Chain Rule for Matrix Valued Functions

134 Views Asked by At

Suppose I have three matrix-valued functions $M_1, M_2, M_3 \colon \mathbb{R}^n \to \mathbb{R}^{n\times n}$ which are a function of $x\in \mathbb{R}^n$. Let $y \in \mathbb{R}^n$.

Let $f \colon \mathbb{R}^n \times \mathbb{R}^n \to \mathbb{R}^n$ be given by \begin{equation} f(x,y) = M_1(x)M_2(x)M_3(x)y. \end{equation} How do I compute the gradient of $f$ w.r.t the variable $x$, $\frac{\partial}{\partial x}f(x,y)$, in terms of the gradients of $M_1$,$M_2$ and $M_3$?

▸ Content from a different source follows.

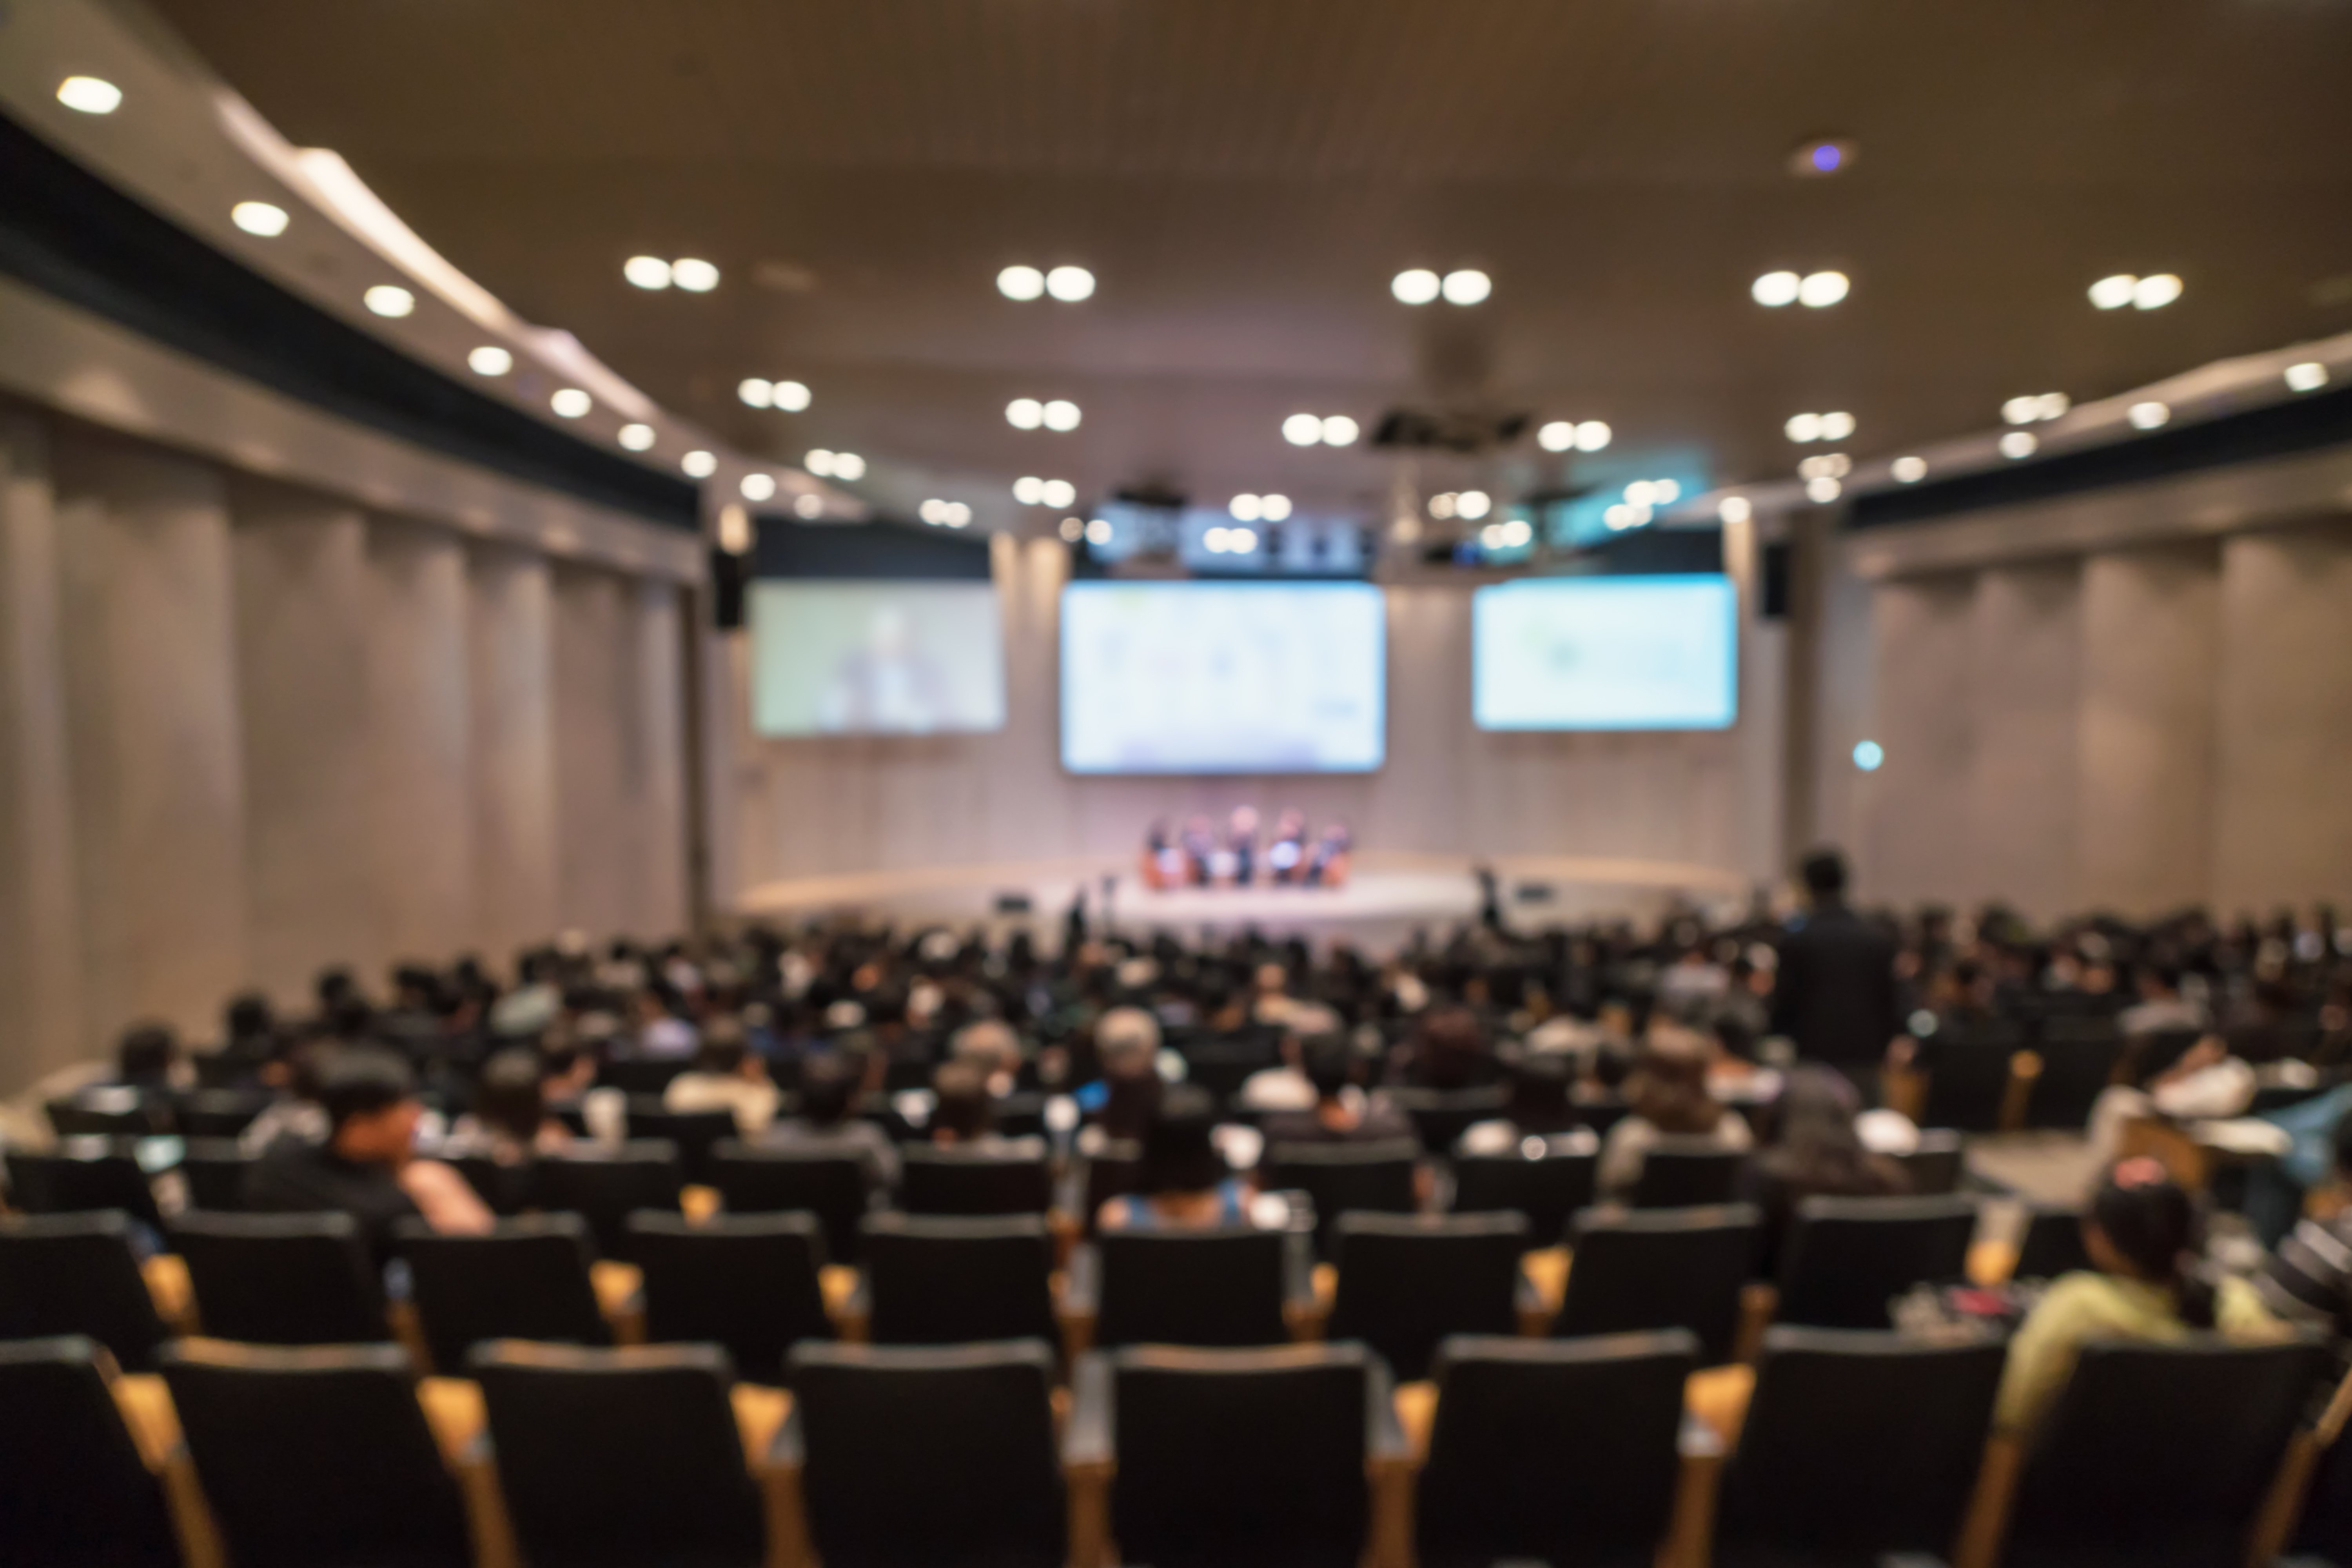 abstract-blurred-photo-conference-hall-seminar-room-with-speakers-stage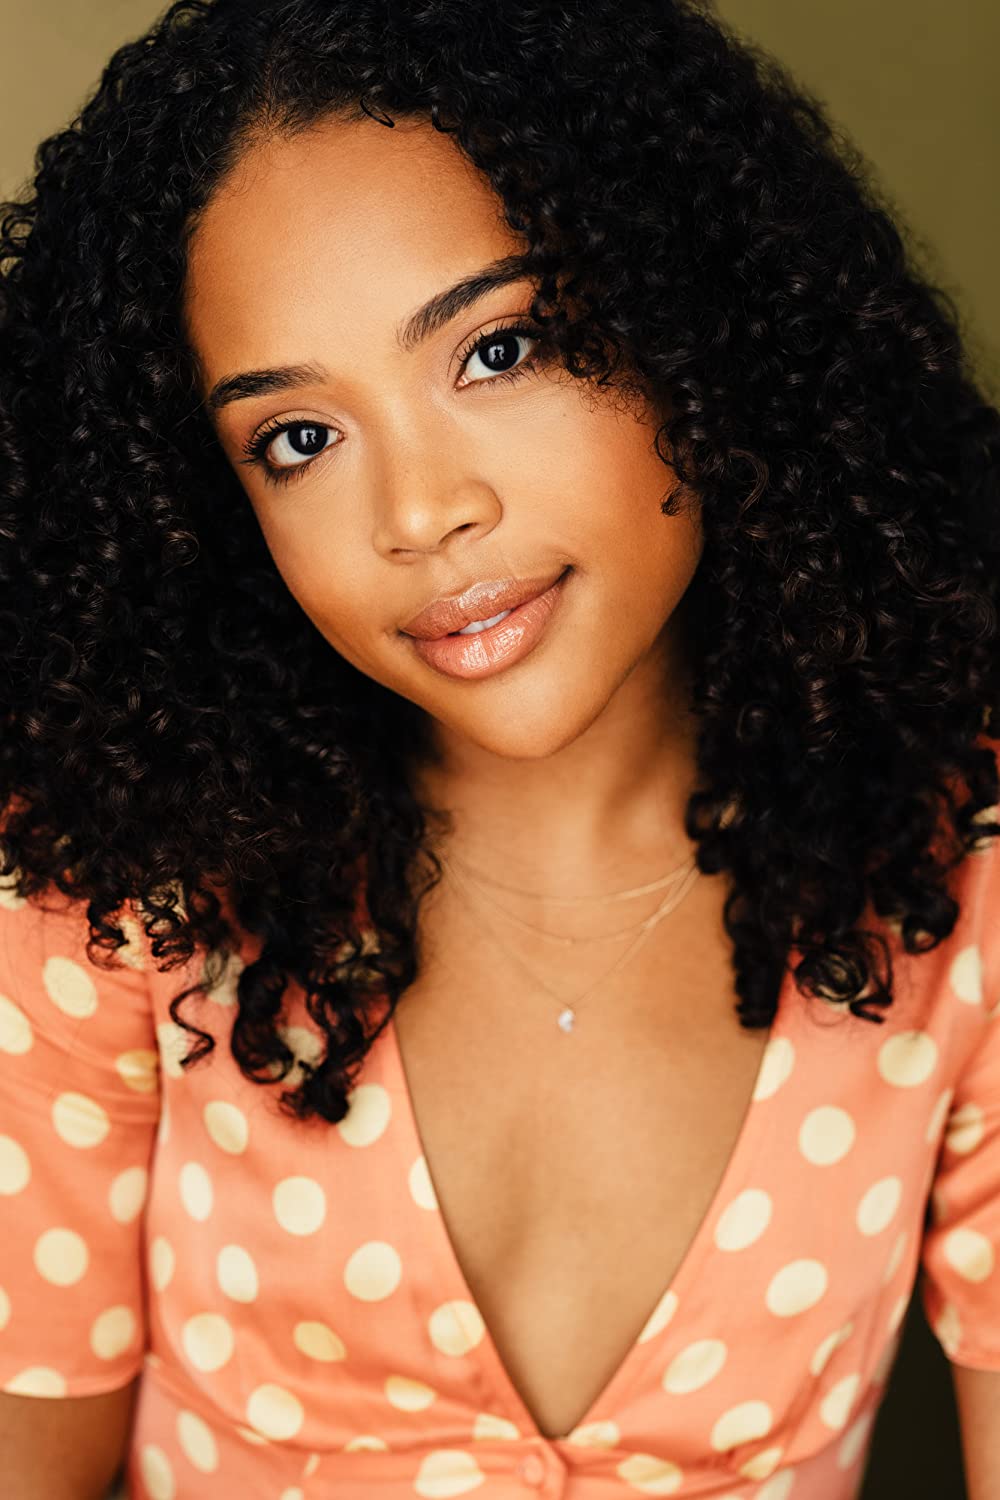 Exclusive: Candace Maxwell On Role in Tyler Perry's BET+ Series "All the Queen's Men"

My tensor calculus is a bit weak, so a detailed explanation would be much appreciated!

1

There are 1 best solutions below

0
On

$ \def\e{\varepsilon} \def\LR#1{\left(#1\right)} \def\op#1{\operatorname{#1}} \def\trace#1{\op{Tr}\LR{#1}} \def\qiq{\quad\implies\quad} \def\p{\partial} \def\g#1#2{\frac{\p #1}{\p #2}} \def\c#1{\color{red}{#1}} \def\GLR#1#2{\LR{\g{#1}{#2}}} $Let $\e_k$ denote the $k^{th}$ cartesian basis vector, then the $k^{th}$ row of the $M_1$ is $$\eqalign{ m_k^T = \e_k^TM_1 \qiq m_k = M_1^T\e_k \quad \big({\rm as\:column\;vector}\big) \qquad\qquad }$$ Use index notation to calculate the desired gradient $$\eqalign{ f &= M_1M_2M_3y \\ f_k &= m_k^TM_2M_3y \\ \g{f_k}{x_i} &= \GLR{m_k^T}{x_i}M_2M_3y + m_k^T\GLR{M_2}{x_i}M_3y + m_k^TM_2\GLR{M_3}{x_i}y \\ &= \LR{M_2M_3y}^T\GLR{m_k}{x_i} + m_k^T\GLR{M_2}{x_i}M_3y + m_k^TM_2\GLR{M_3}{x_i}y \\ }$$